## [What is expected]
Transcribe the listing exactly, leaving out every picture.

## [Dataset extract]

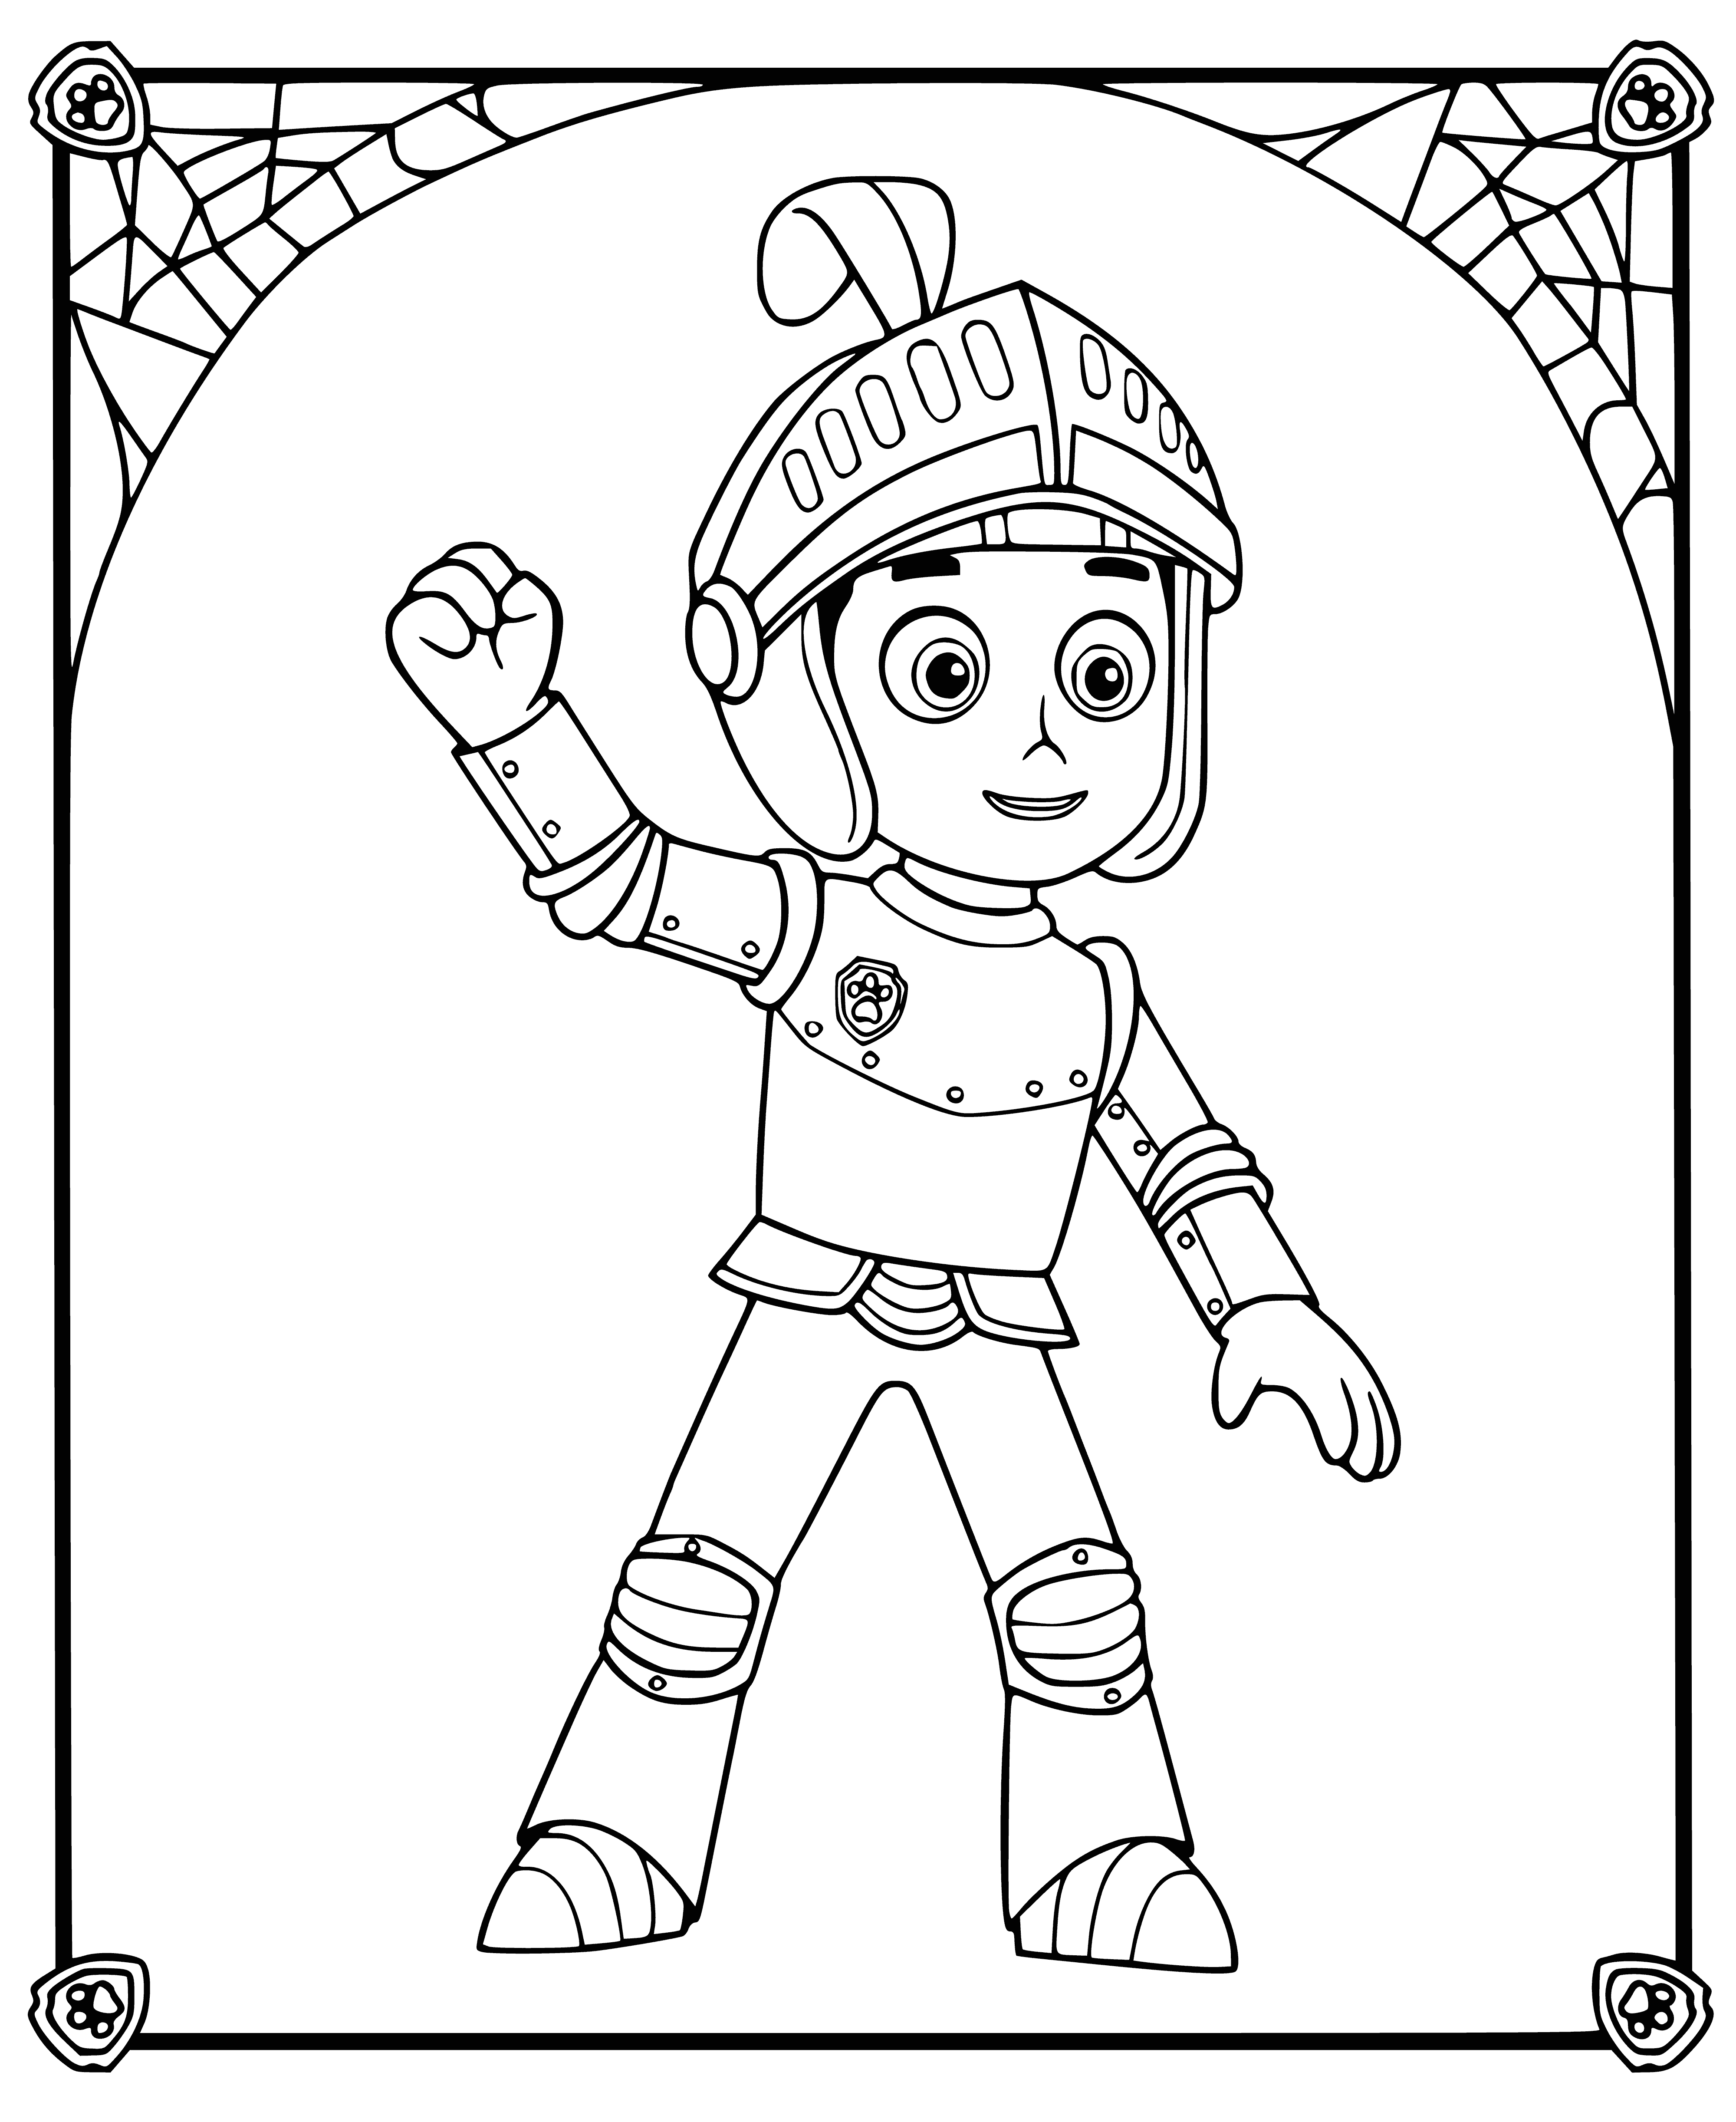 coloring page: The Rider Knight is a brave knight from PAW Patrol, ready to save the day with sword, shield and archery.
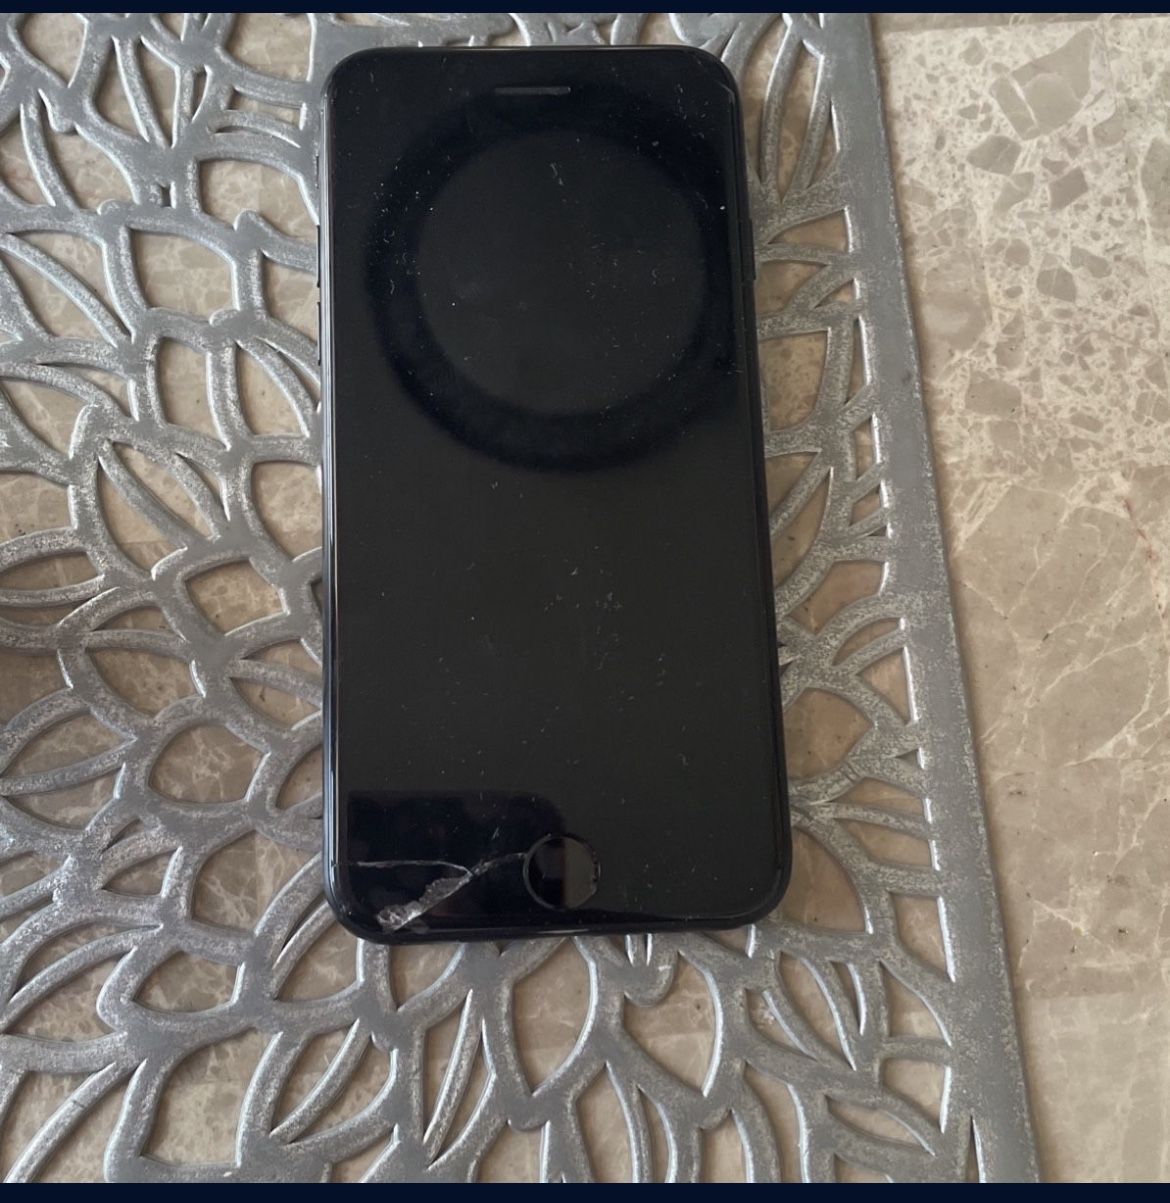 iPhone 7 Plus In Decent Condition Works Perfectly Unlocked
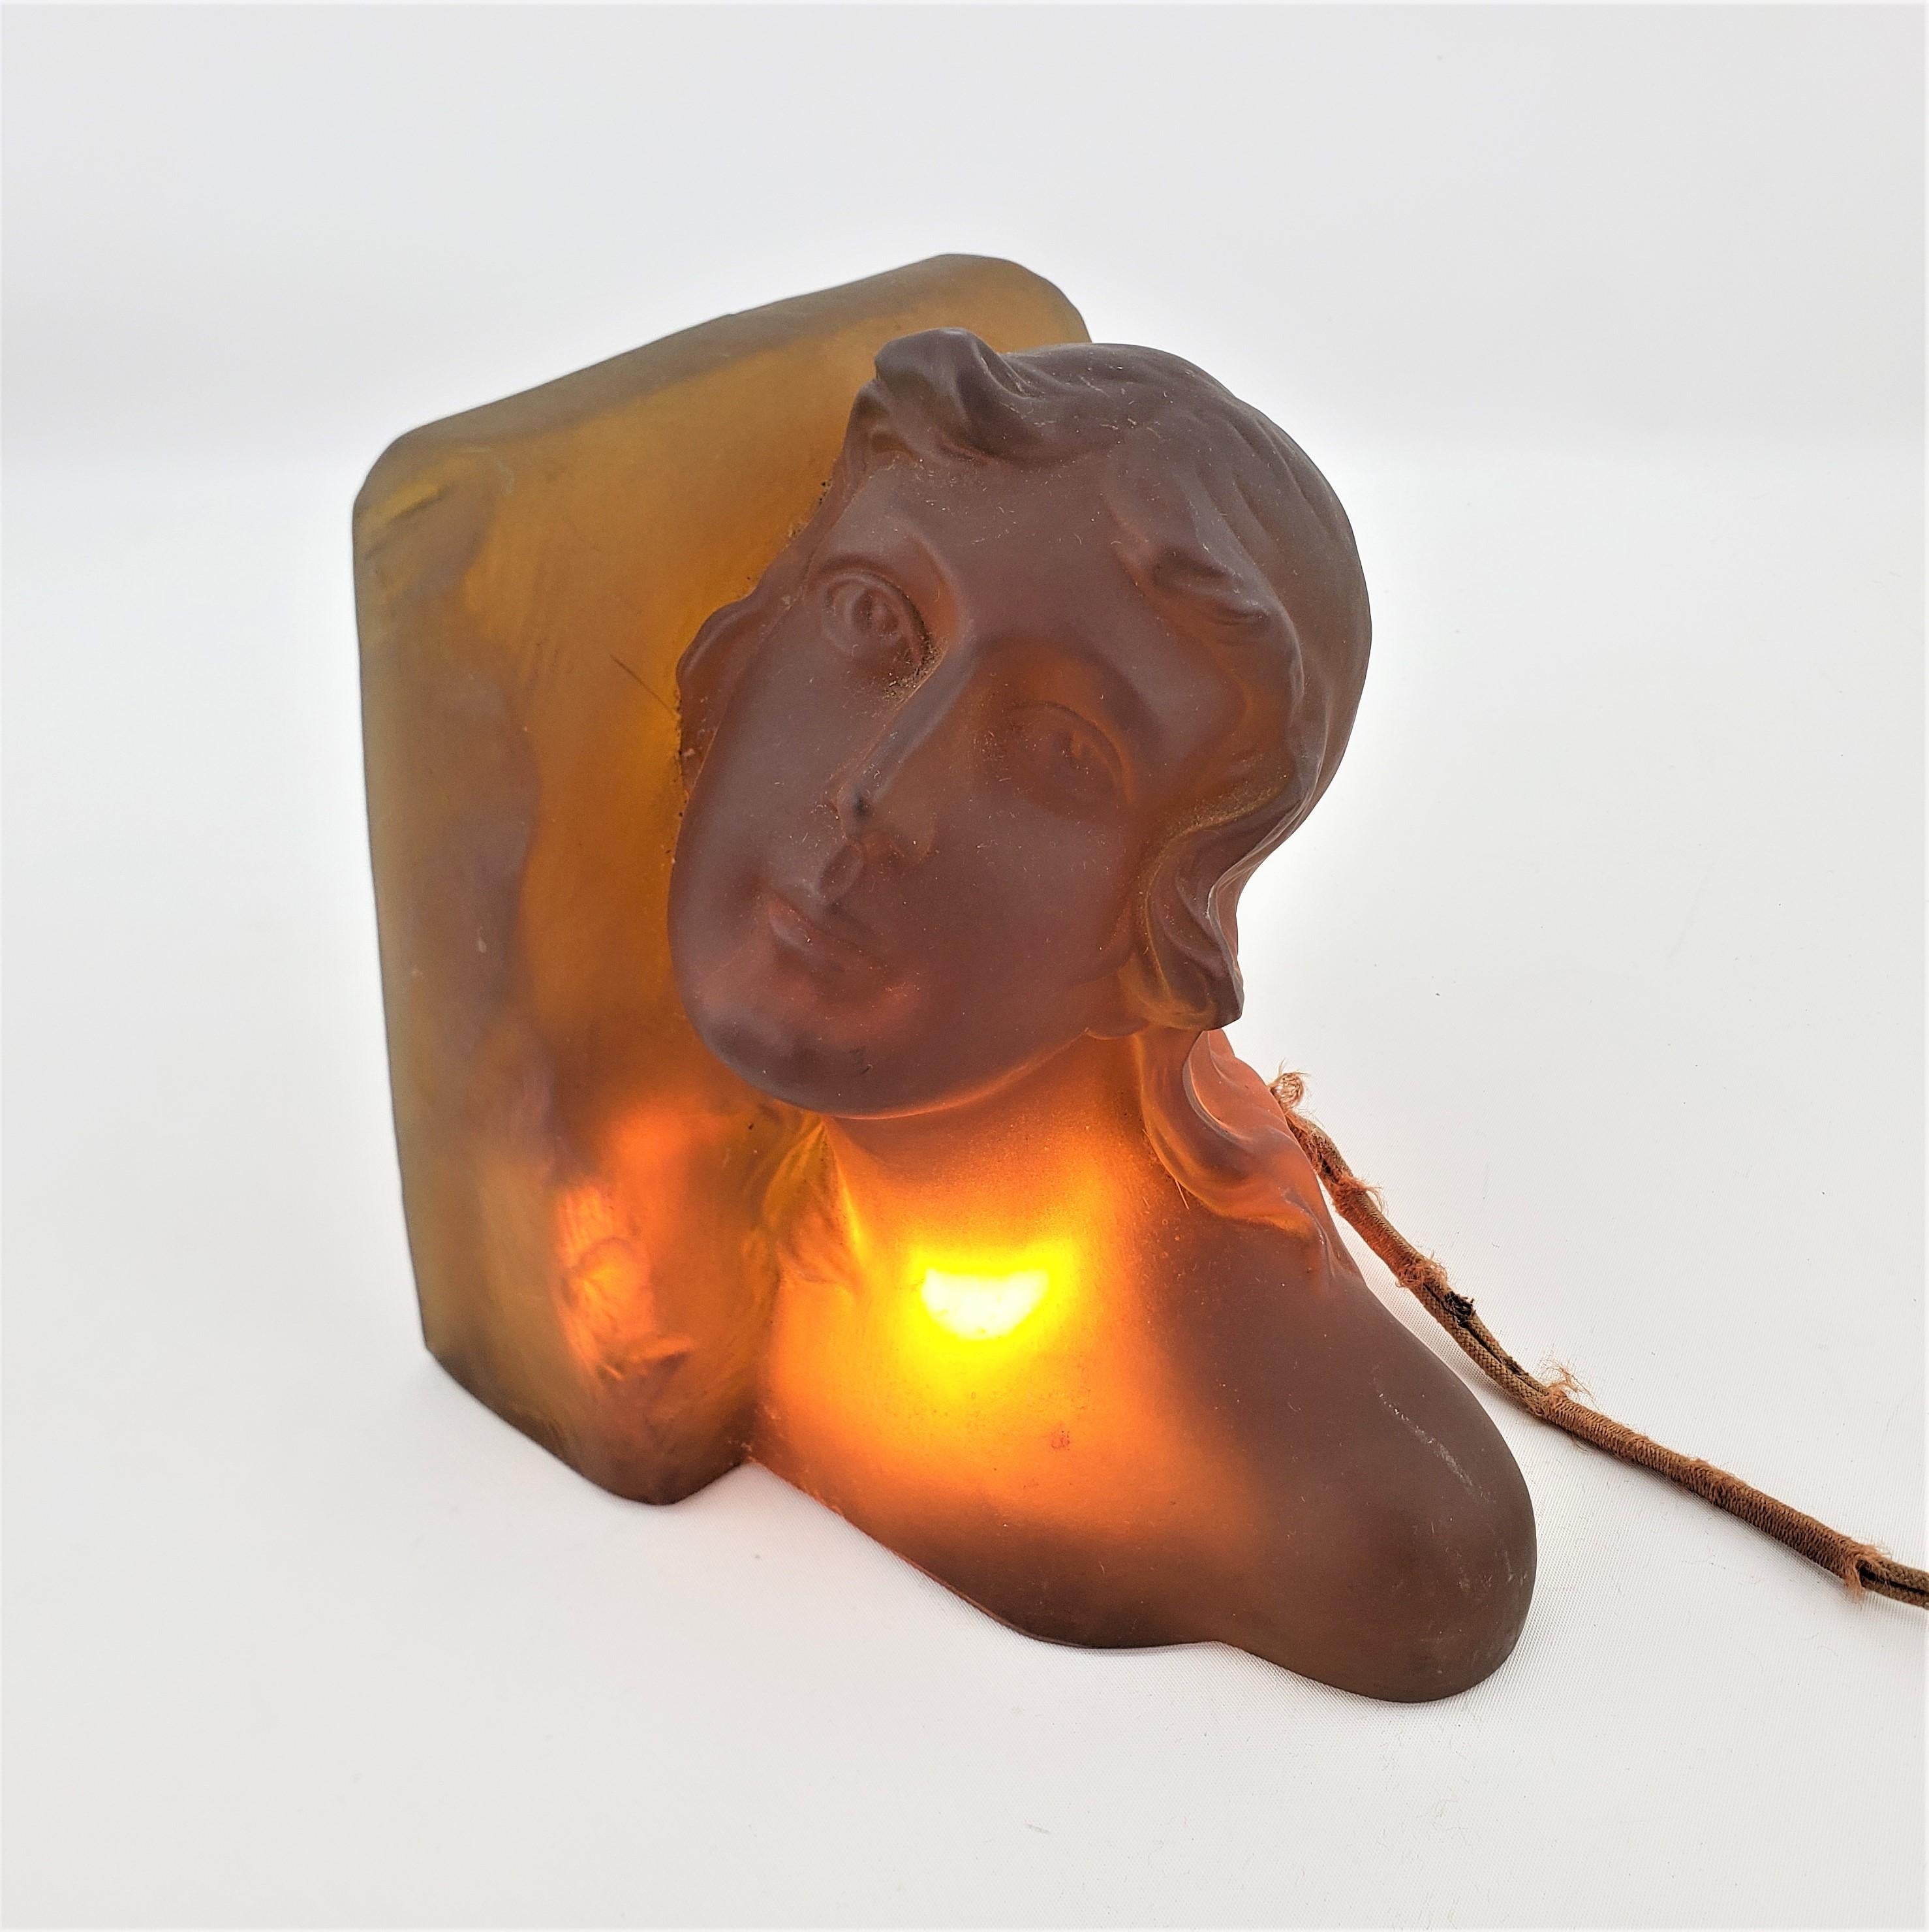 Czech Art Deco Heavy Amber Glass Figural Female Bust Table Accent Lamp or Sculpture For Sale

## [Task solution]
 coloring page: The Rider Knight is a brave knight from PAW Patrol, ready to save the day with sword, shield and archery.
 iPhone 7 Plus In Decent Condition Works Perfectly Unlocked
 Czech Art Deco Heavy Amber Glass Figural Female Bust Table Accent Lamp or Sculpture For Sale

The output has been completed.